Paz y Bien, hermanos.
Hoy pasamos a la capilla en la que se venera la sagrada imagen del Santísimo Cristo Amarrado a la Columna. Hasta fechas muy recientes, esta capilla terminaba en lo que ahora es la reja. Allí se veneraba la imagen del Ecce Homo que actualmente se conserva en el museo. El cambio del cuadro del Ecce Homo por la talla de Cristo amarrado en la columna queda documentado en el Libro de la Fundación de este convento, donde se escribe que, siendo guardián Fr. Manuel Guardiola, se encargó “una Imagen de Cristo a la Columna para el nicho del Santísimo Ecce-Homo, ... de mano de D. Francisco Salzillo, celebre escultor”, “pero caro”, añade el P. Haro. Era el año 1755, y costó 1.500 reales de entonces.
Nuestra sagrada imagen representa la escena que los evangelistas escuetamente describen: «Antes lo hizo azotar» (Mt 27,26; cf. Mc 15,15; Jn 19,1). No dicen más, por lo que habría que buscar en otras fuentes el modo y la manera de cómo se ejecutó este castigo. Lamentablemente no nos podemos detener en ello, pero sí constatar que con Cristo se pasaron y por ello tuvieron que echar mano del Cireneo camino del Calvario. El resultado de los azotes queda patente en esta escultura. Algunos comentan que Salzillo se pasó con tanta sangre, sin embargo la verdad es que se quedó corto. El hecho fue mucho más cruel de lo que podemos imaginar.

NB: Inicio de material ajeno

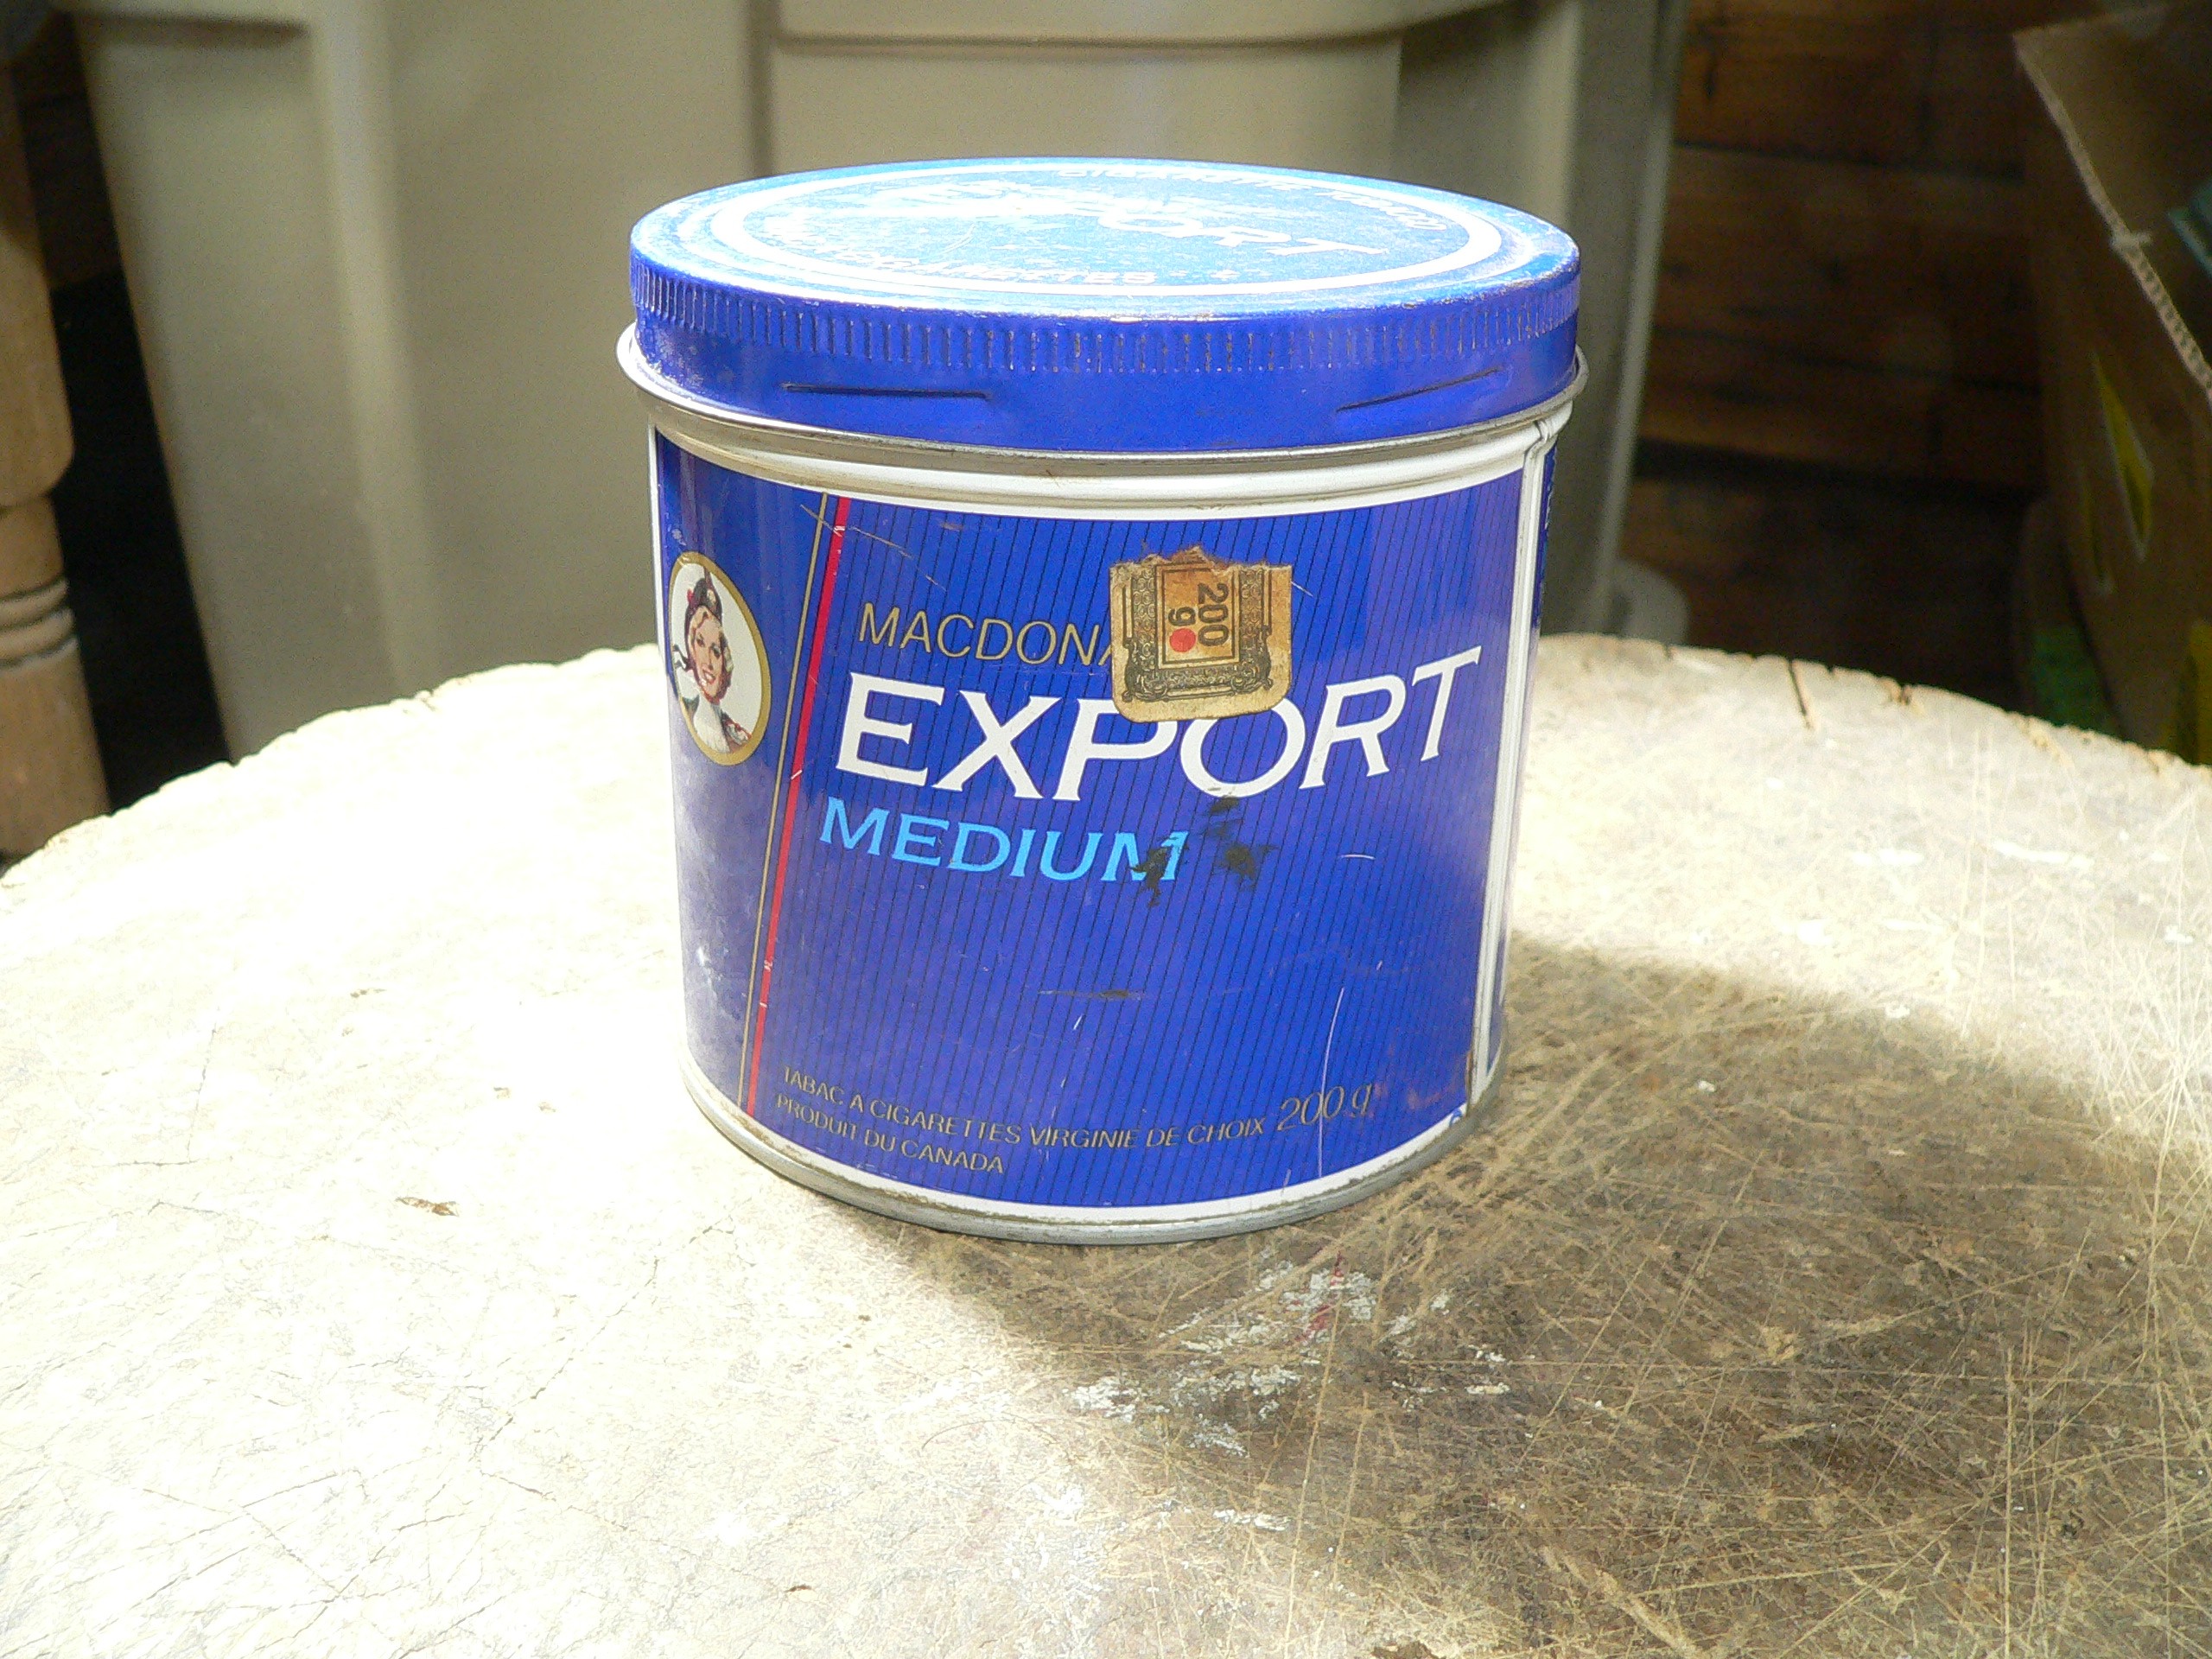 Canne export medium # 8917.8

Ahora bien, las bellas formas con las que Salzillo talló nuestra venerada imagen poseen un secreto, porque nuestro escultor no sólo quiso recordar una escena de la Pasión, sino también plasmar visualmente cómo vivió Jesús ese momento. Este segundo aspecto es el que más nos interesa resaltar porque la forma, la figura y los cuidados detalles la hacen profundamente expresiva, si bien es verdad que su secreto solamente puede ser percibido por la fe.

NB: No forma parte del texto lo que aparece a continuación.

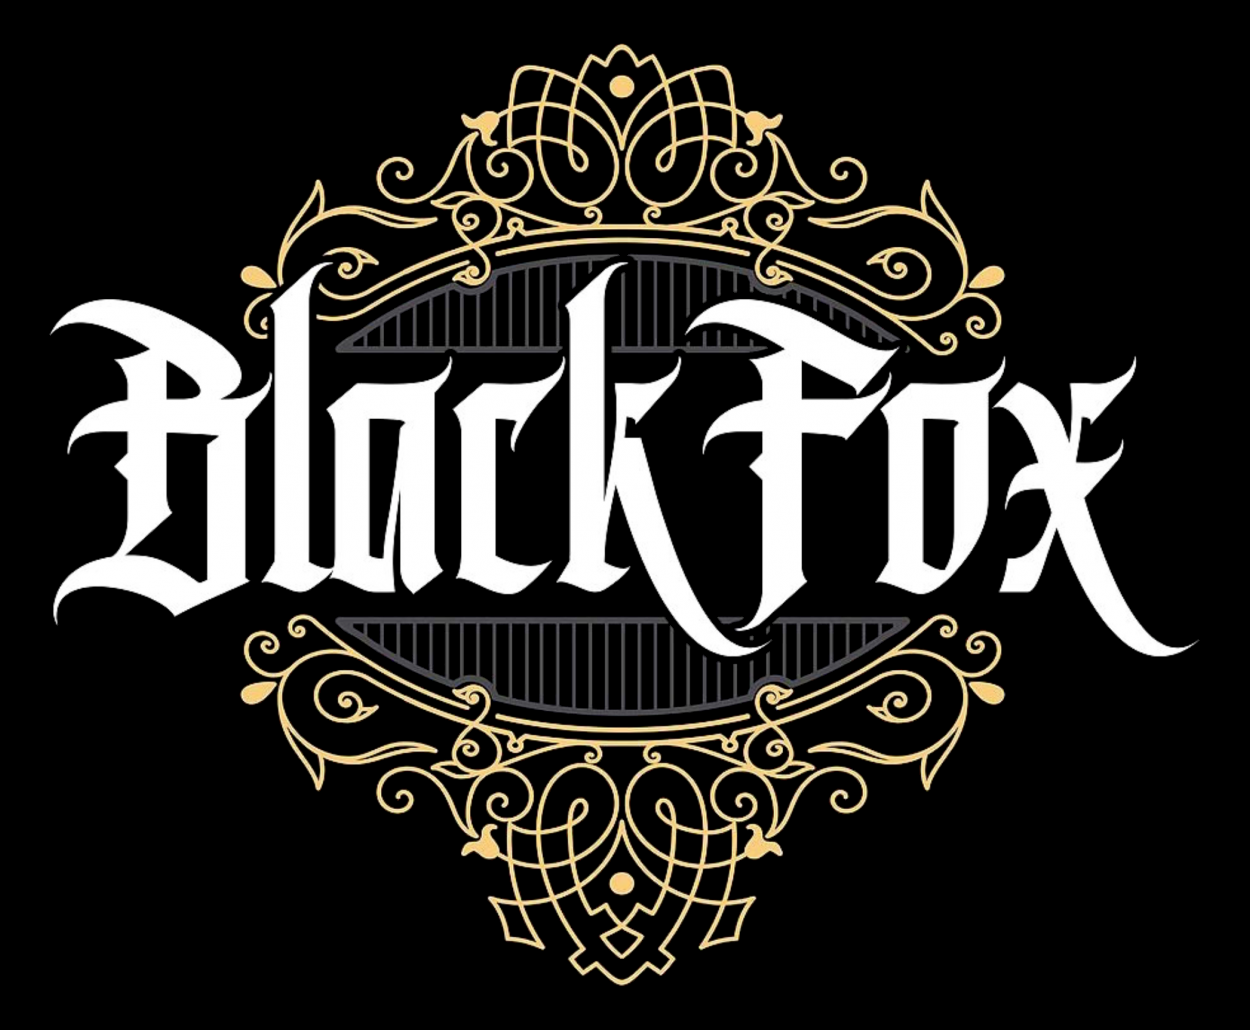 Fox font

Antes de seguir adelante, pongámonos en actitud de oración y recemos con nuestra hermana Ana María Tomás esta sentida oración: (soneto)
Como prólogo para entender creyentemente nuestra imagen tendremos que remontarnos a la historia que nos cuenta el evangelista S. Lucas sucedida en la sinagoga de Nazaret. Allí se nos dice claramente el sentido que dio el mismo Jesús a su vida en general: “El Espíritu del Señor está sobre mí, porque él me ha ungido para que dé la Buena Noticia a los pobres; me ha enviado a anunciar la libertad a los cautivos y la vista a los ciegos, para poner en libertad a los oprimidos, para proclamar el año de gracia del Señor” (Lc 4,18-19). Se trata de un texto tomado de Isaías, el profeta que se lee durante la Semana Santa y que, indudablemente, influyó en nuestro escultor.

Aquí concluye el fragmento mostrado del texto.